San Francisco (November 28, 2019) – A Northern California court sentenced Derek Elliott from Ontario to two years in prison. In September 2012, the Canadian was charged with conspiracy to commit fraud for his role in a Dominican resort Ponzi scheme. Elliott and his business partner James Catledge gathered over $90 million from investors to renovate a resort in the Dominican Republic, which never opened.
A lengthy fraud trial came to an end in Northern California for the Ontarian Derek Elliott. In September 2012, Elliott was charged with conspiracy to commit fraud for his role in a Dominican resort Ponzi scheme.
Investigations in the Dominican resort Ponzi scheme
The charges were the result of a two-year investigation by the FBI. The 49-year-old Elliott and his business partner James Catledge gathered more than $90 million from investors to renovate a vacation resort in the Dominican Republic. The investigation revealed that nearly $70 million of the investors’ funds were never used for the advertised project. Instead, the money was illegally diverted to commissions and other projects. Consequently, the resort never opened and all the investors’ money was gone.
‘[I]n their sales pitch, Catledge and Elliot failed to tell investors that the full commissions being taken from their investment were approximately 44 percent, that the renovations were underfunded, that investors’ money was being used on other projects, and the returns they promised were unsupportable and could not be achieved,’ stated the district attorney in their indictment 2012.

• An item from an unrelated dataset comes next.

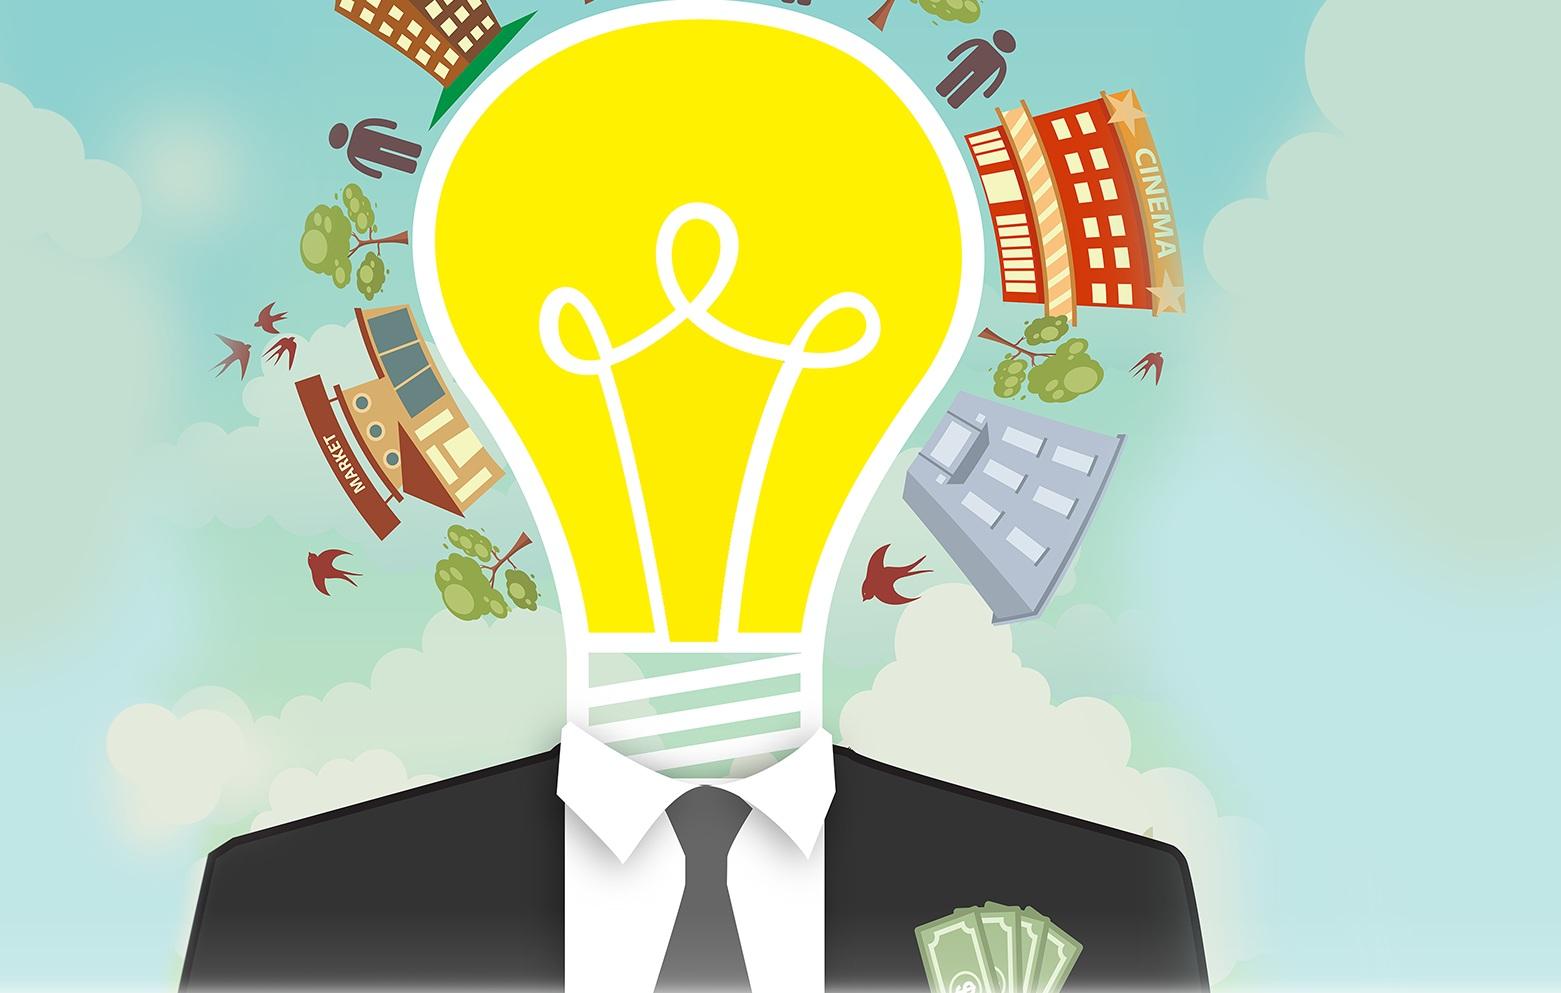 Kinh nghiệm kinh doanh ít vốn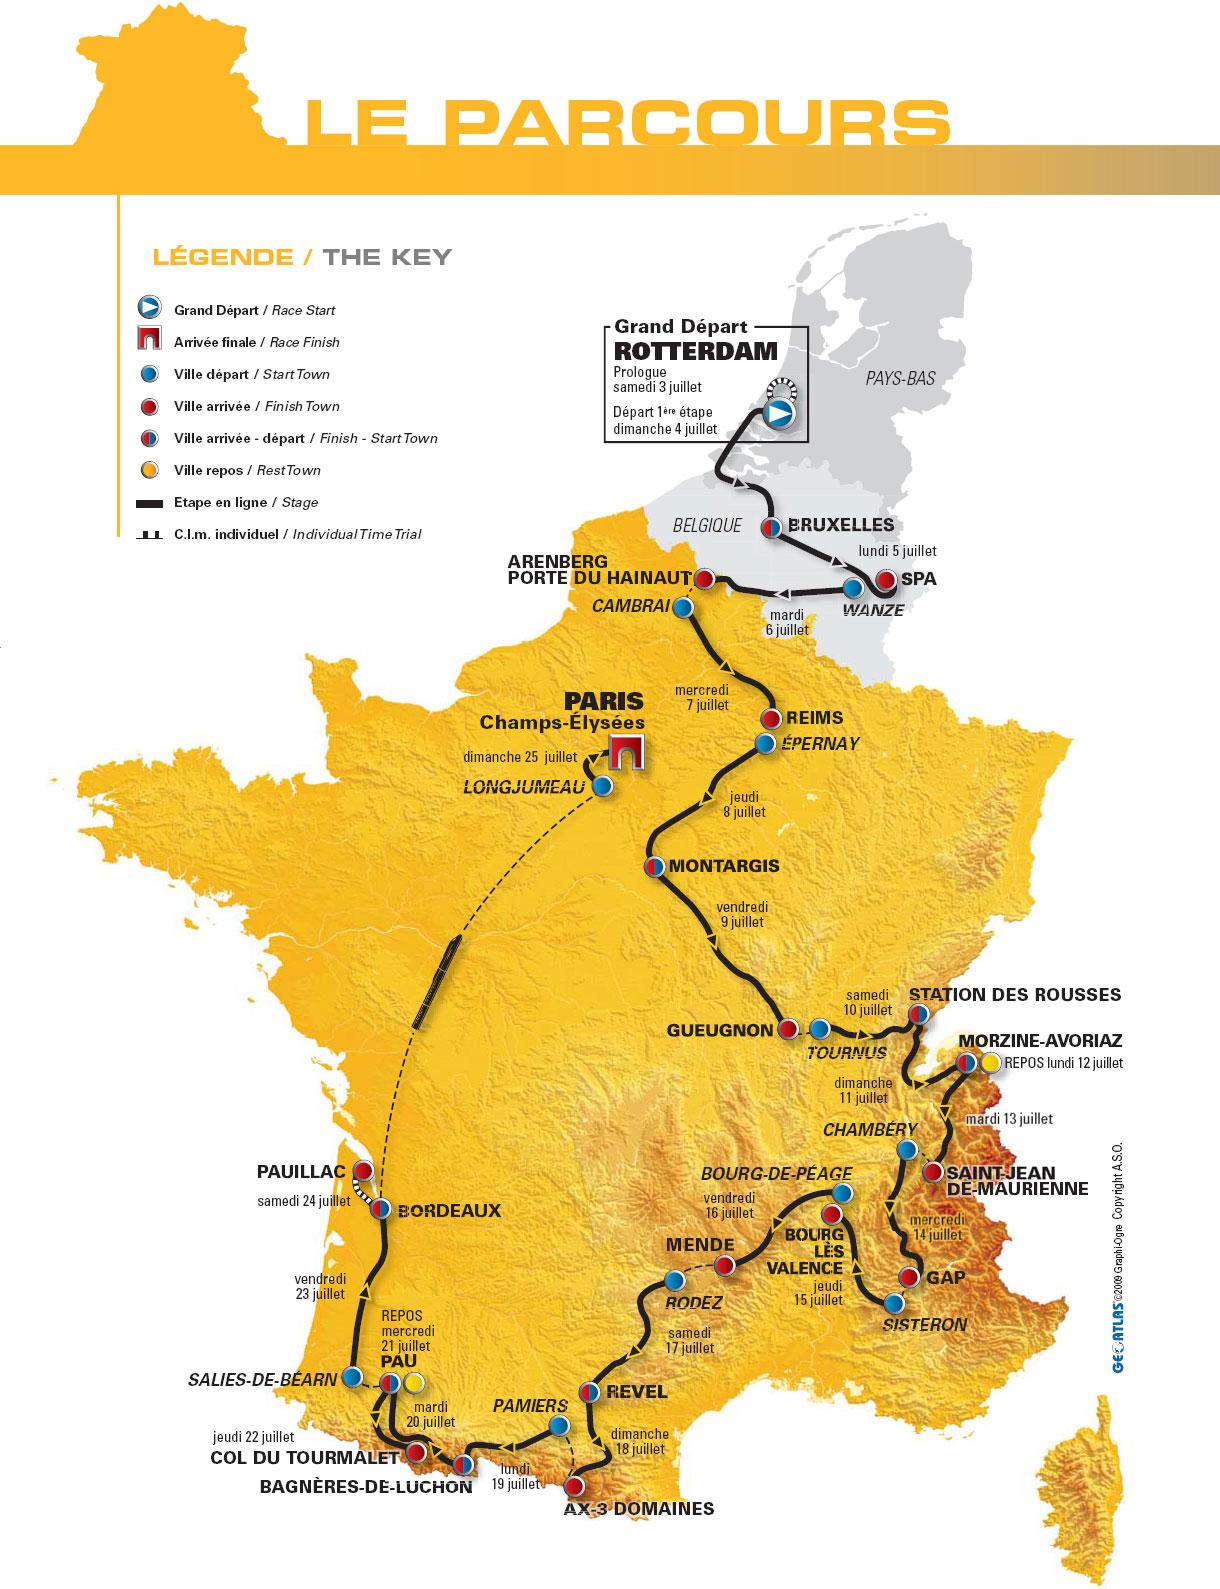 Tour de France 2010 : le parcours et les étapes :: Blog ...

Sentenced to two years in California prison
Nearly five years ago, Elliott had pled guilty and started co-operating with the San Francisco district attorney. Now, the trial came to an end. Elliott has been sentenced to two years in U.S. prison. He will be under supervised release for three years after he served his term in California. Furthermore, the judge ordered Elliott to pay restitution to the victims.